Let us start by looking at noun phrases. If we have a noun and an article, it is unclear which word is the head of the phrase. Traditionally the most common idea has been to treat the noun as the head, and see the article as something which describes it - it is the noun that makes it a noun phrase, and the article only serves to tell us minor details about the form. But it is also possible to think of the article as the thing that makes this a noun phrase. In fact, we can subtly shift the meaning of the two words, moving the concept of "object" from the noun to the article. In a way, the article is now the real noun - albeit a noun without any further meaning - and the old noun has been demoted to something suspiciously similar to an adjective.

It is no big leap to think that we can do the same thing with verb phrases. That would mean some sort of "article" for the verb. It may sound strange, but it is nothing more than a mandatory copula, something which several natural languages have, and English could be said to use in certain verb forms.

But then we do arrive at a big leap. What if we can treat nouns, verbs, adjectives and adverbs as the same class of words? This way we can conform very well to the rule of free word order after a head. The article or copula marks the phrase, and then the content words can come in any order. Since we have a mandatory article for all phrases, we can make use of that in a most convenient way: We can put all form markers on the article. That way, we can have numerous forms (if needed) but still need no actual inflections on the content words themselves.

This is a great gain. Now the parser does not have to know anything at all about the content words. It only needs to know a small number of function words, and can treat all the others the same. It does not need to know whether a word is a noun or a verb, and it also does not have to keep track of which word is the plural of another word. It's useful enough for one-time parsing, but even more so when continuously communicating with the parser, because it gives us the opportunity to use new words without (syntactical) interpretation problems. Was it not for this idea, we would have a world of trouble trying to explain to the computer that while a boy is a child and a girl is a child, the two of them put together are not two child, nor two childs, but two children.

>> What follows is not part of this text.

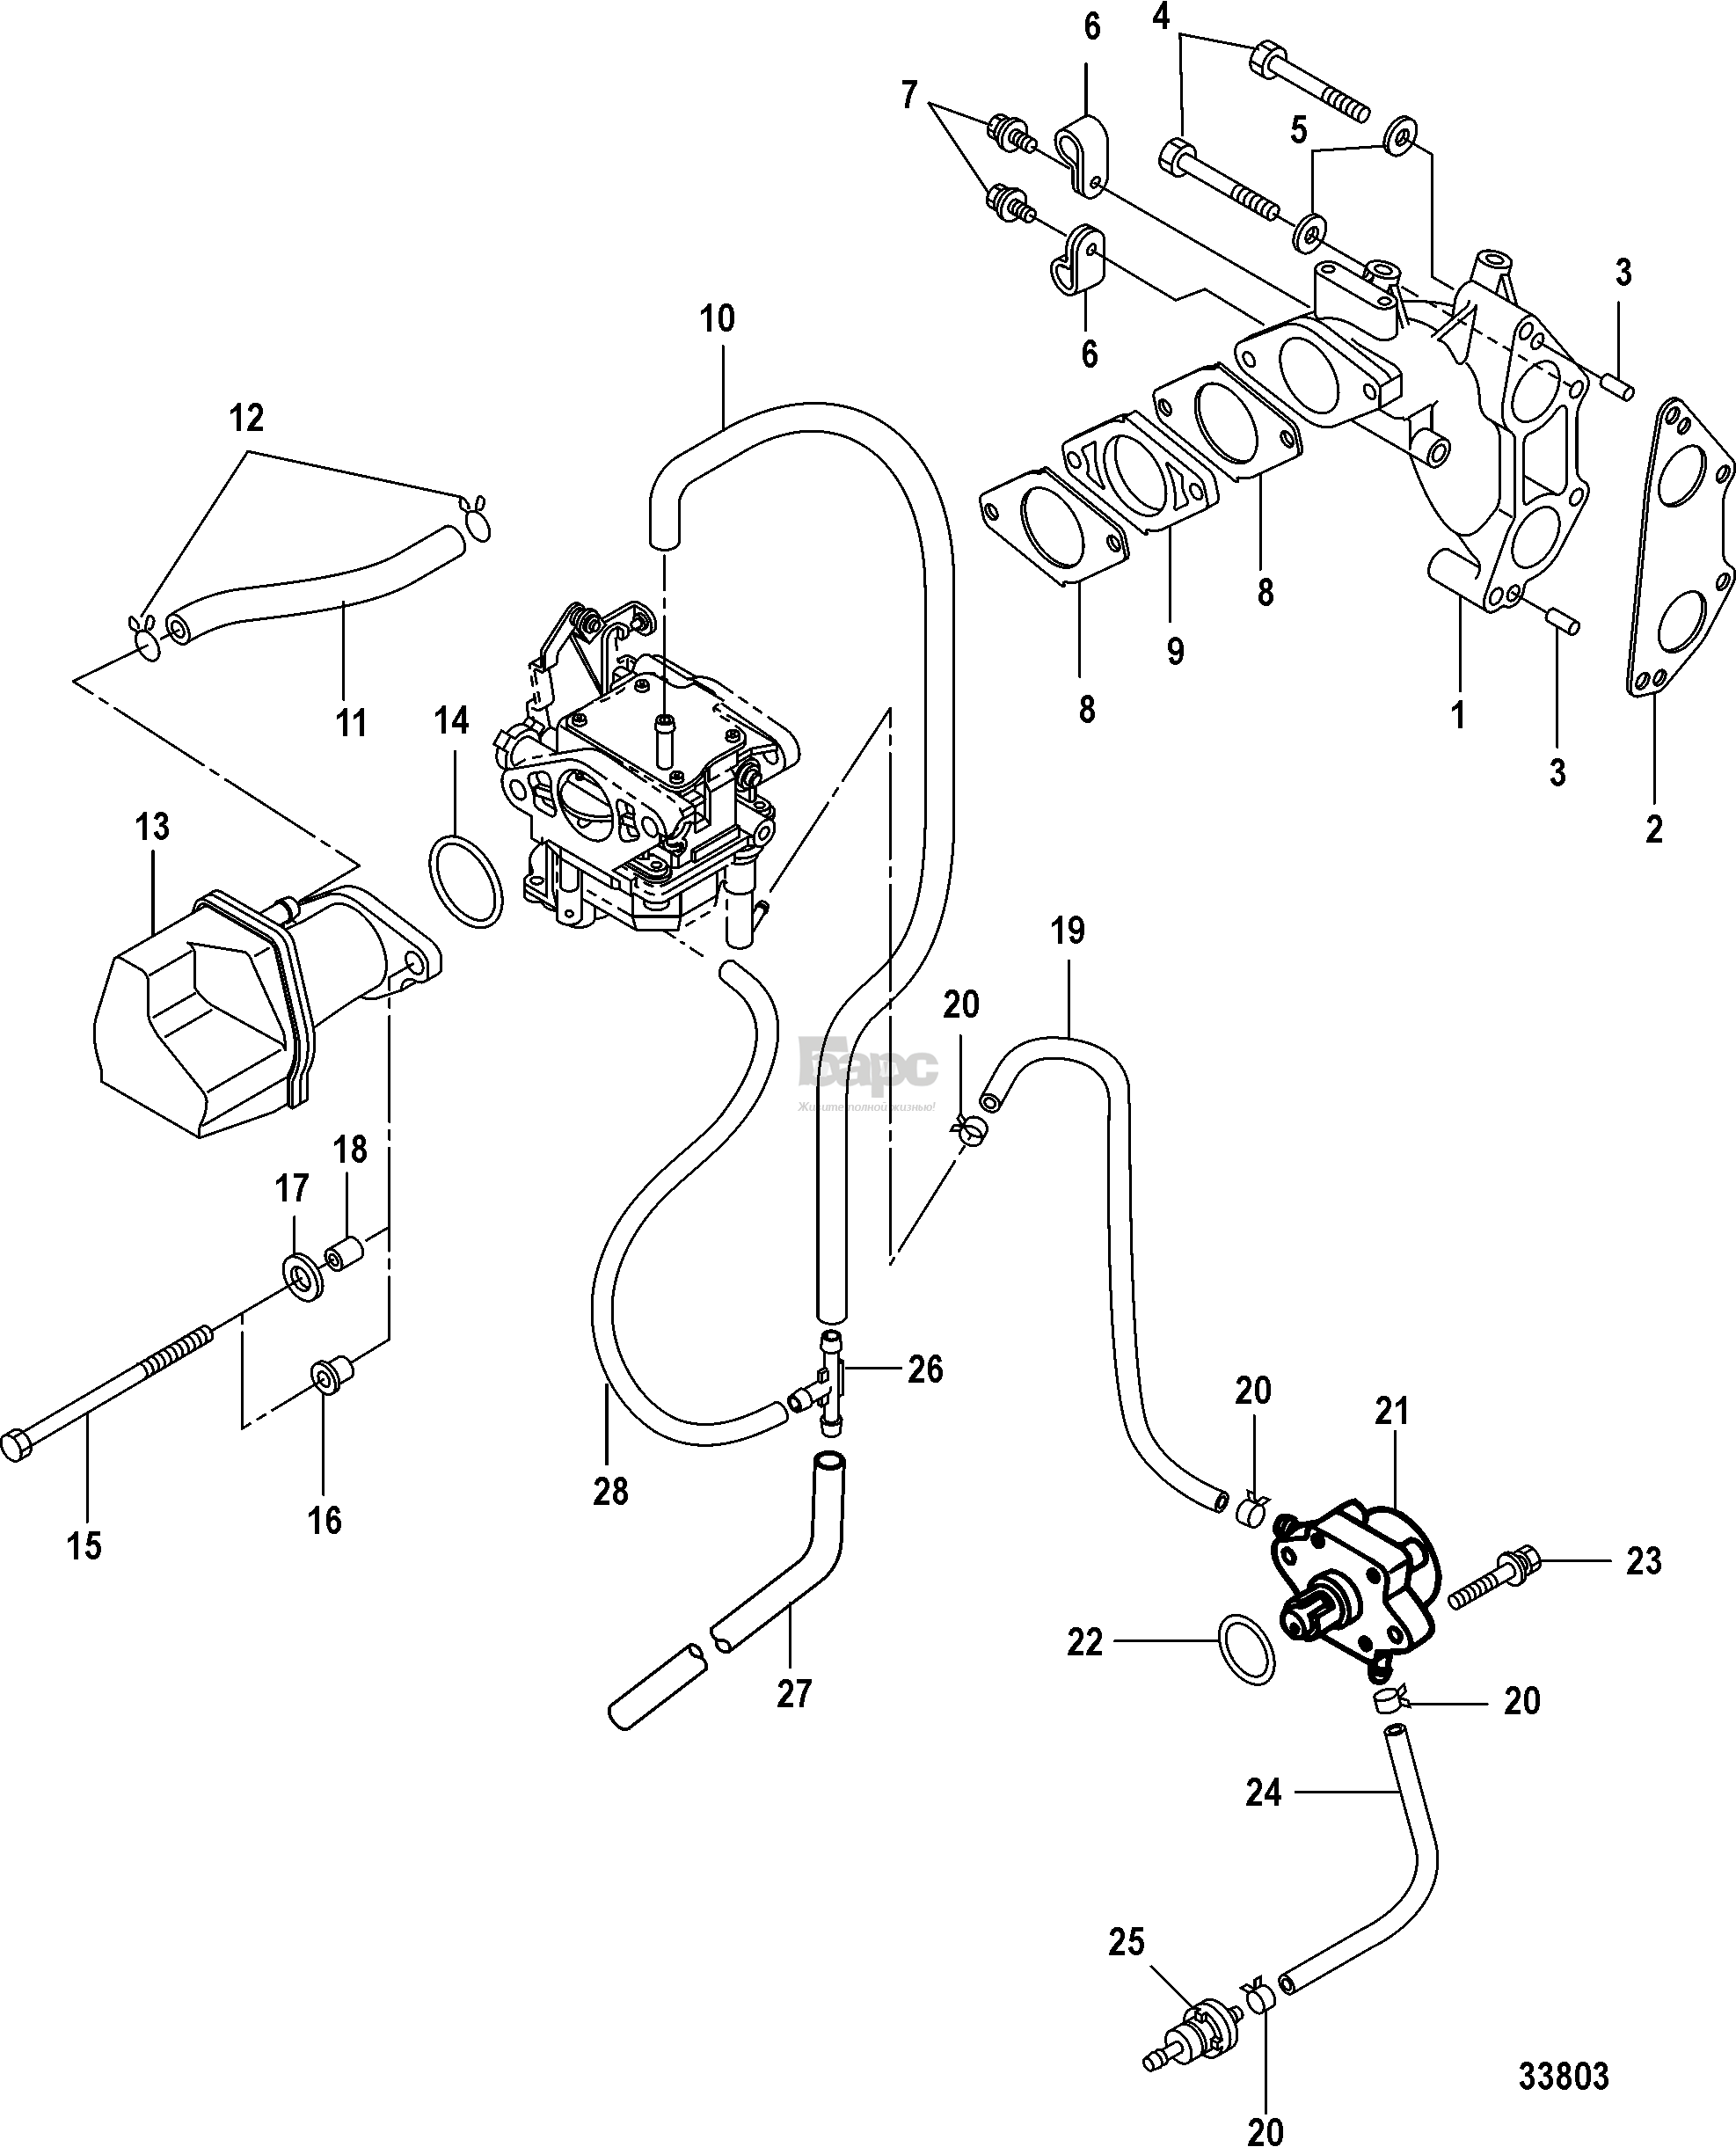 Intake Manifold and Fuel Pump
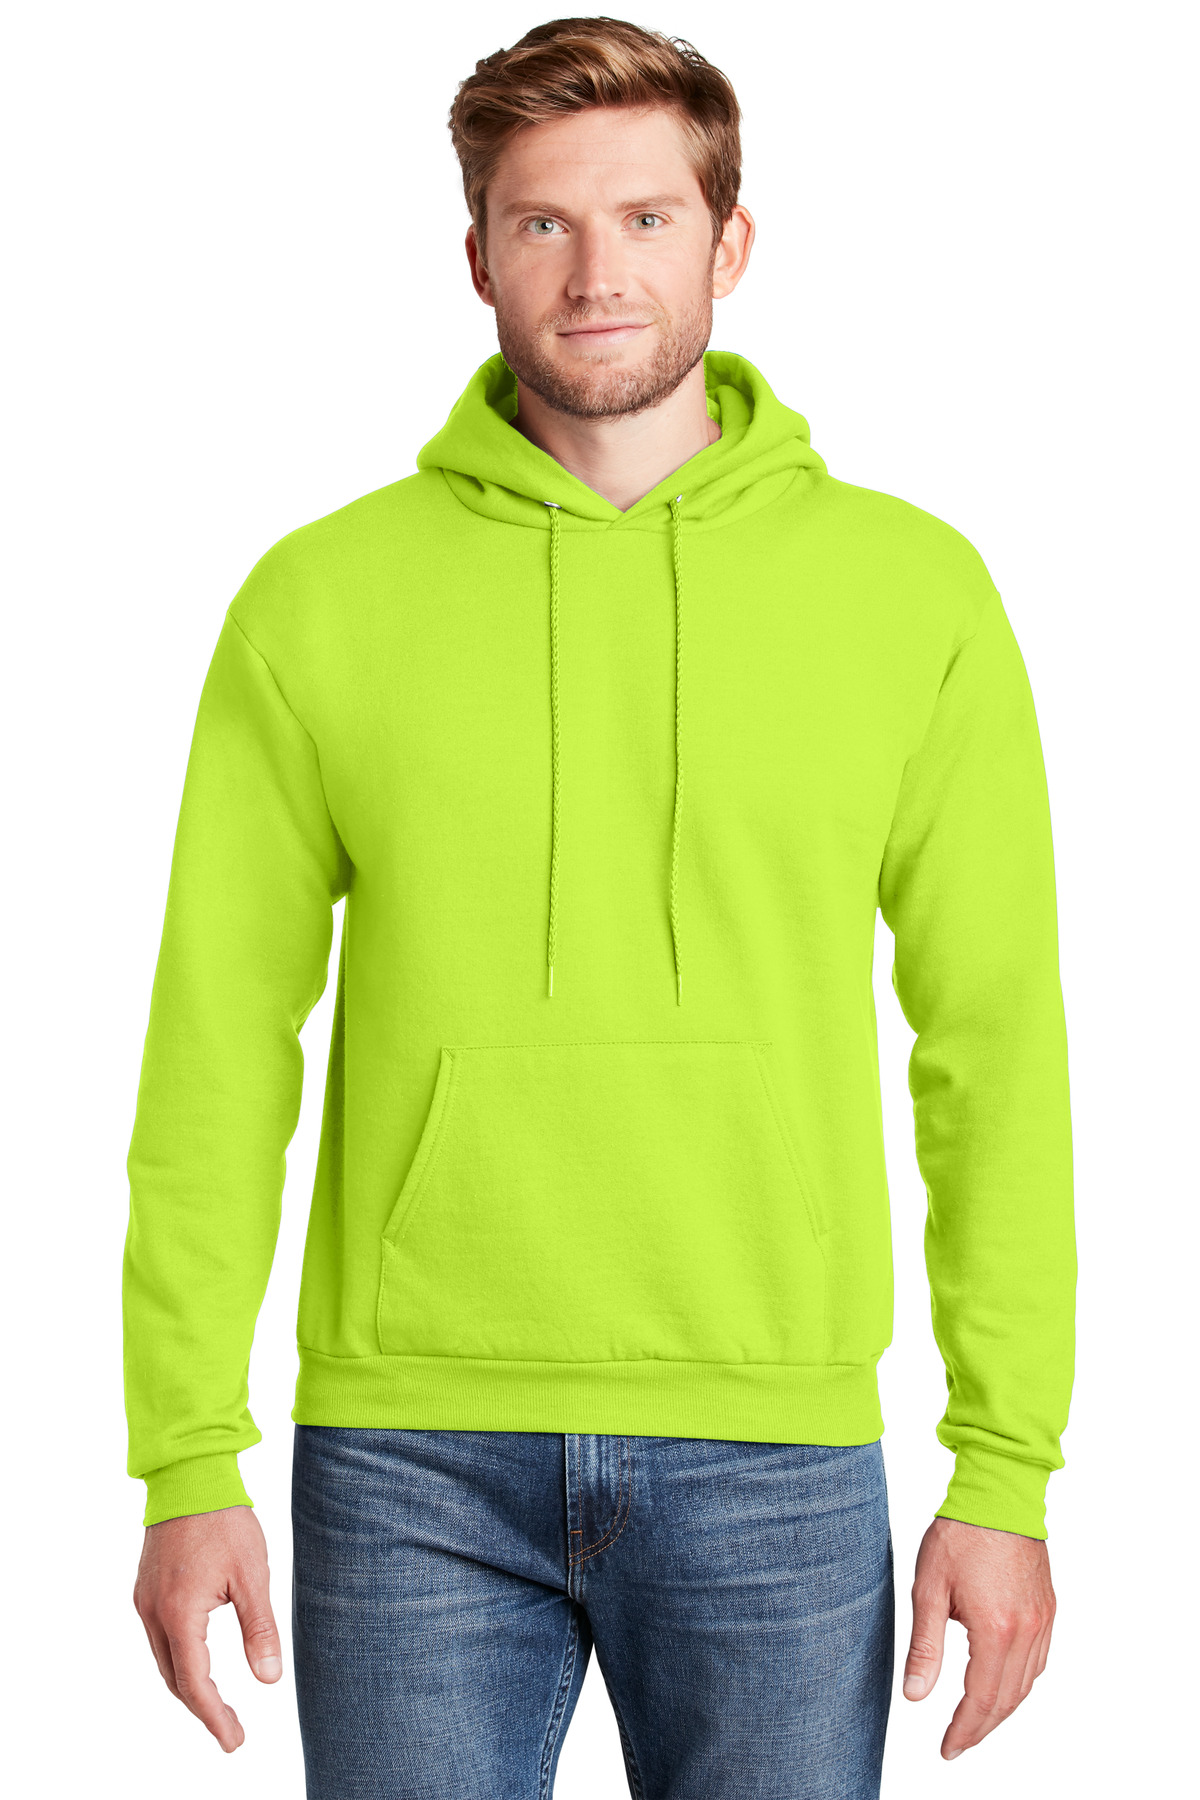 Hanes EcoSmart - Pullover Hooded Sweatshirt - P170

Is this found in natural languages? A rather common phenomenon is that adjectives act like static verbs. This is found in many Asian languages, among others. Treating nouns and verbs as the same is not as common, but on the other hand there are usually ways to form one from the other, and in some languages (including English) this can sometimes be done with no morphological changes at all - there is a noun and a verb, but they look the same. All in all, this simplification is somewhat unnatural, but serves a purpose, and the use of markers like the mandatory copula makes it look a little more natural and avoids confusion between things like attributive and predicative use.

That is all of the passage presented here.